The state currently faces a $10 billion budget gap. Needless to say, some areas of government spending are going to be re-evaluated. Unfortunately for us, it seems that education is one of the areas Cuomo and his team have targeted to pay that price.

Cuomo, barely in his second month as governor, still has to get his proposal passed by the legislature. But many analysts can already point to another round of budget cuts to the SUNY system. Specifically, SUNY would have to cut their budget by about 10 percent from last year.

This troubles me. It troubles me that in our age of drastic economic deterioration, education is thought to be expendable.

Nothing exists in a vacuum, and the weak economy seriously is hurting our state’s education, on all grade levels.

Still, students today have demonstrated their commitment to achieve in the achingly unstable economic market. The facts on the ground are that jobs are scarce and no one is guaranteed employment. This is unfortunate, but it is the situation we are dealing with.

You don’t need to be the world’s leading economist to know that America has suffered a brutal recession. Daniel Gross, Harvard graduate and editor of Newsweek, explains simply: “In the past decade the private sector hasn’t created a single job. That’s poor, especially when you consider that the population grew 9 percent during those years, from 282 million in 2000 to 308 million today.”

These statistics are brutal. The undeniable relationship between the economy and education so clearly affects our generation. As we’ve seen these past few weeks, as the economy worsens, the money allocated by governments (federal, state and local) to schools has progressively diminished.

The difficulty of finding decent employment in the national job market has become a depressing reality that every college student should be aware of. According to the United States Department of Labor, at the end of last February there were 2.7 million job openings for about 15 million unemployed citizens. That roughly translates into five people vying for every one job.
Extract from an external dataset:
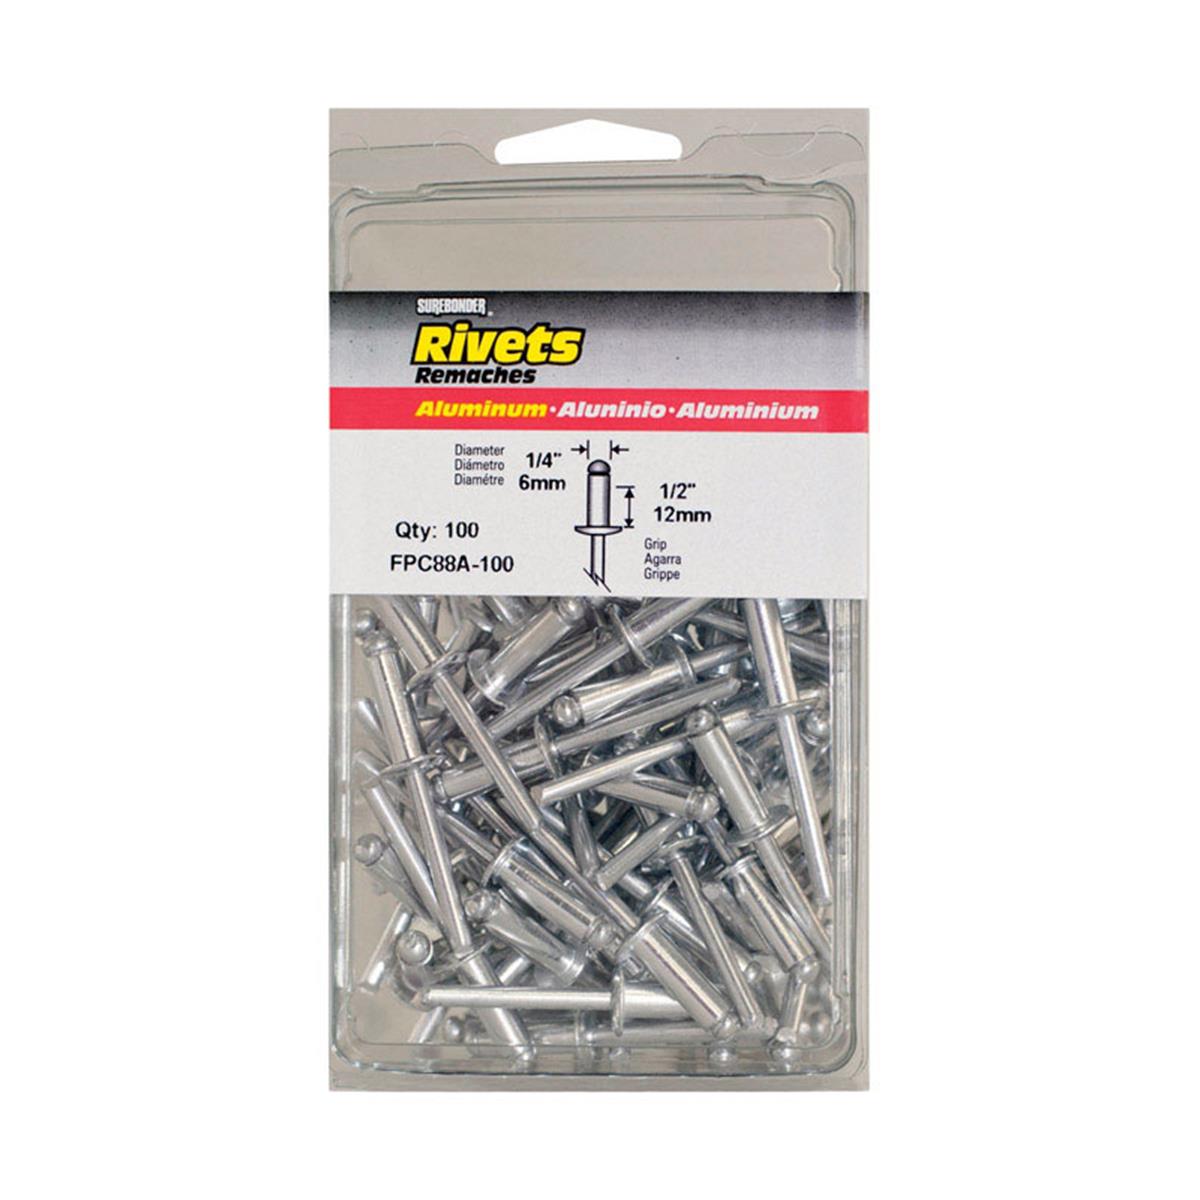 Fpc Fpc88a-100 0.25 X 0.5 In. Rivets Aluminum Long - 100 Pack

The dreariness of these figures is compounded when we consider the estimated 2.5 million college graduates entering the job market this year.

Want to get even more depressed? The report indicates that in September 2010 there were 1.2 million “discouraged workers,” twice as many as the 503,000 a year earlier. The report explains that “discouraged workers” are “persons not currently looking for work because they believe no jobs are available to them.” America the Great, right?

Many students have taken on internships and employment while still pursuing academic degrees full time. It is common for students and graduates to accept demanding jobs for little or no pay in the hopes that it will “one day lead to something.” Another noteworthy trend is the rise in entrepreneurial initiatives by students seeking creative means to get ahead in a world where it is not uncommon for fortunes to disappear overnight.

As should be clear by now, the intimate relationship between the economy and education is a vicious cycle with no clear end in sight.

I can’t say for certain what it will take to turn our economy around. Still, I can’t see cutting education funding as sustainable in the long term. For the good of the state and SUNY’s sake, the government should acknowledge us as the future leaders and decision makers in America. If we want our economy to bounce back, it would seem to make sense to invest in, not cut back on, sustainable projects directed to the future.

Critics may disagree, but if we are to reverse the current recession, extreme measures may very well be needed. We must control the economy to the best of our ability. Tighter regulations. Stricter supervision. Smarter economics. But until that day, cutting back on education funding and resigning college students to ignominy is not the way to go.